| ABOUT THIS TASK |
Exactly as written, retype the listing below, omitting the pictures.

| SOURCE DATA |
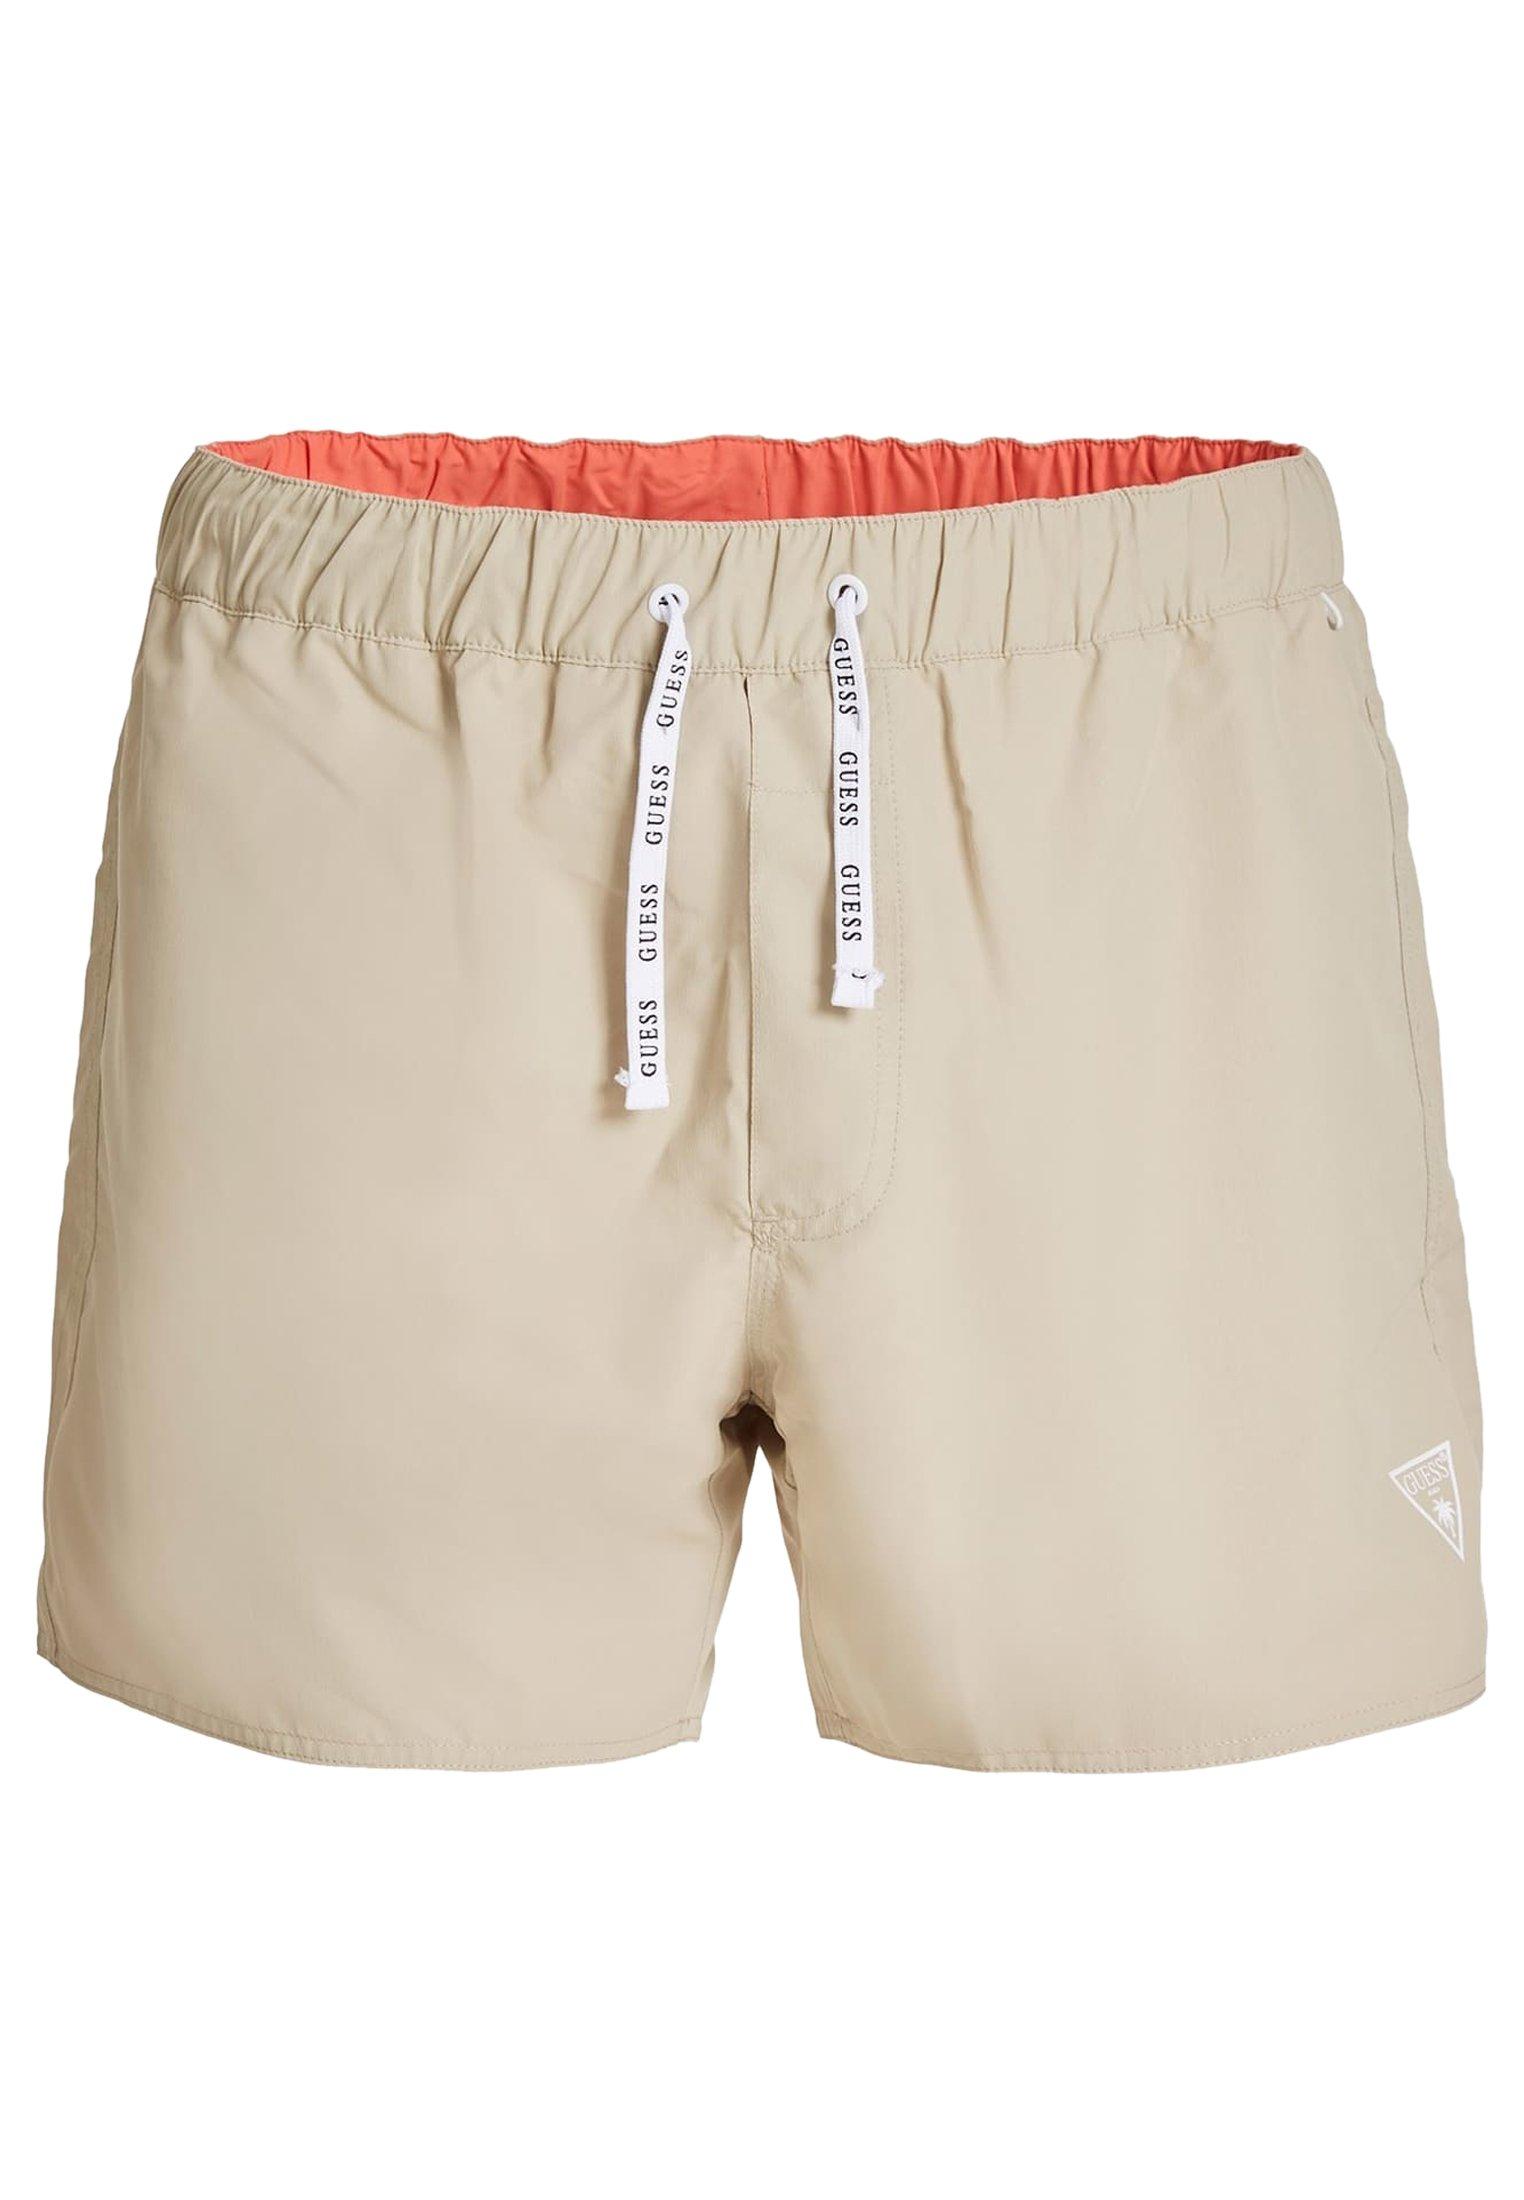 Guess Wende-badeshorts - Shorts Da Mare Orange CR294
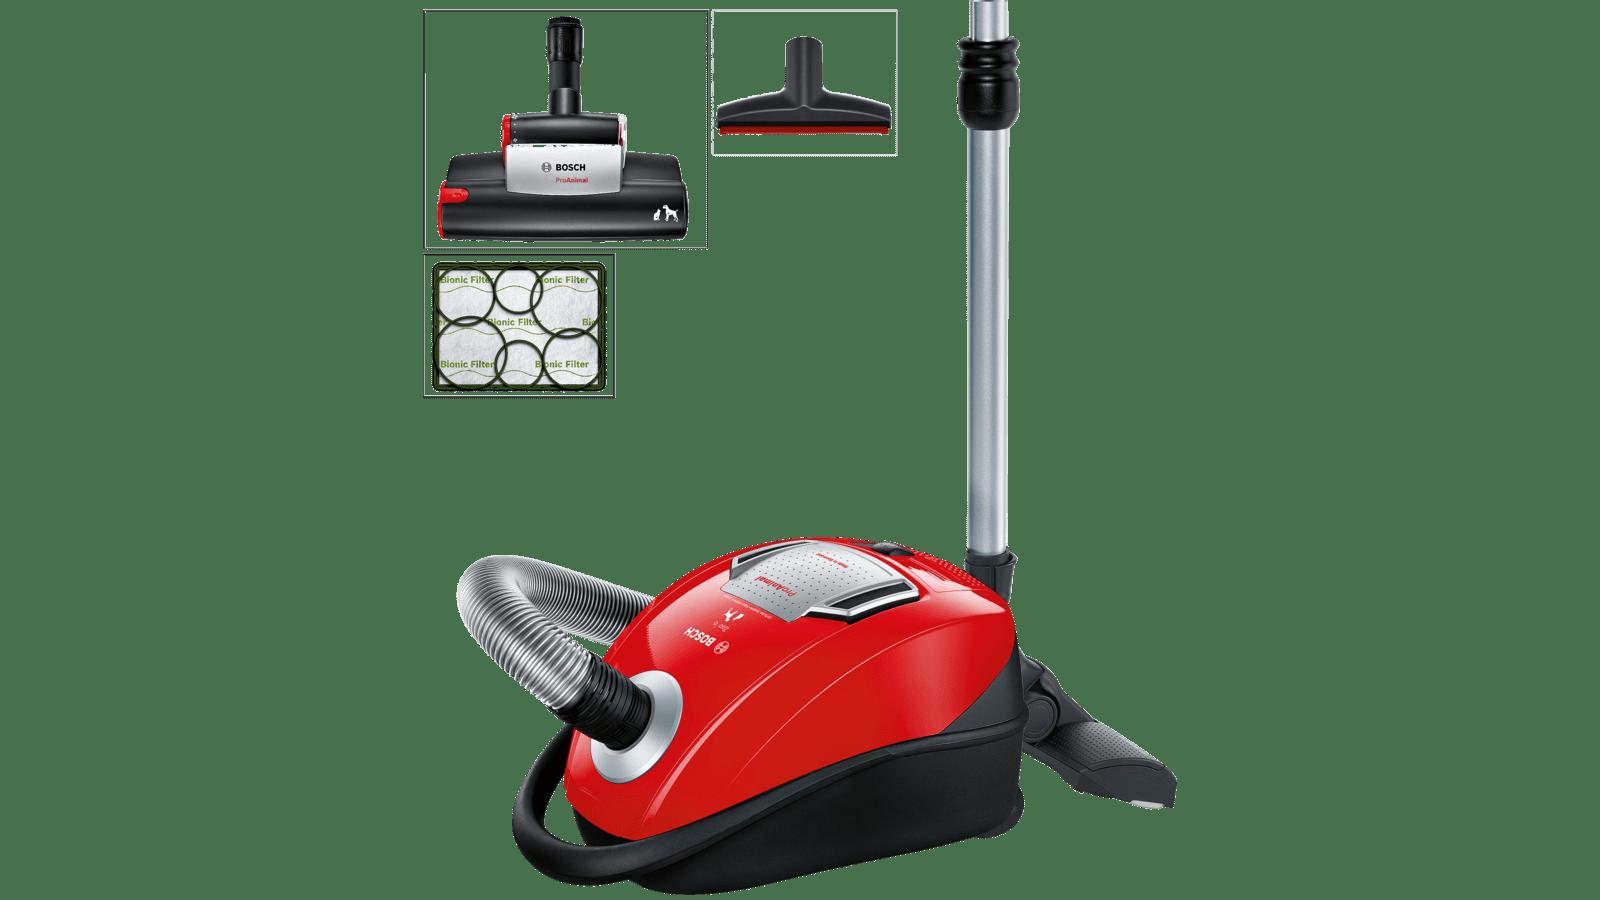 BOSCH BGL45ZOO1 Bagged vacuum cleaner
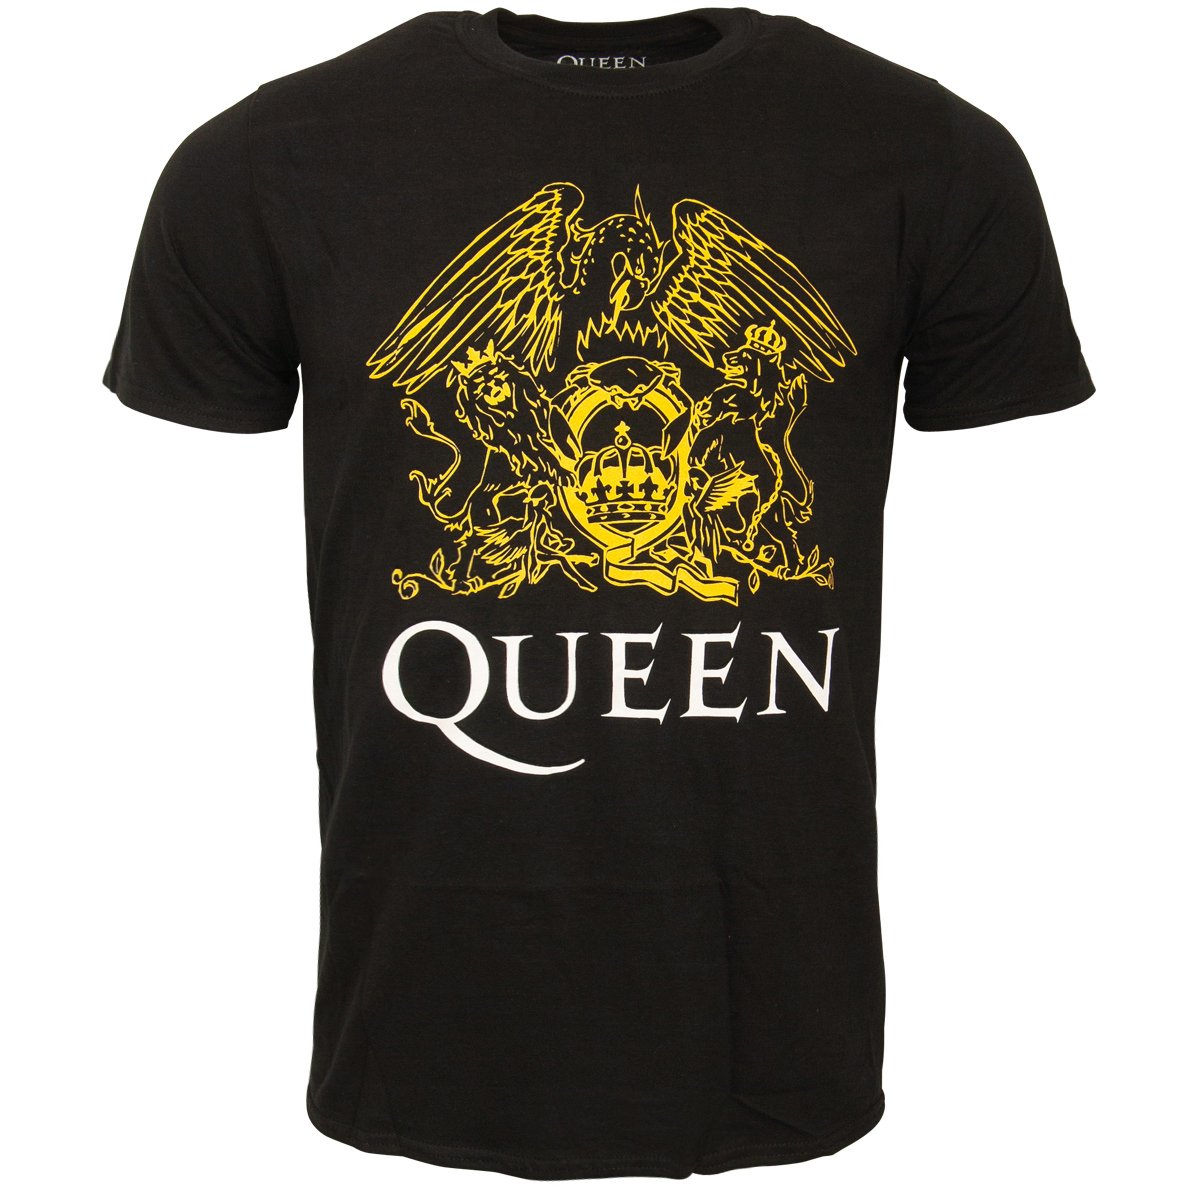 Queen - T-Shirt Crest - schwarz

| ANSWER TO THIS EXERCISE |
 Guess Wende-badeshorts - Shorts Da Mare Orange CR294
 BOSCH BGL45ZOO1 Bagged vacuum cleaner
 Queen - T-Shirt Crest - schwarz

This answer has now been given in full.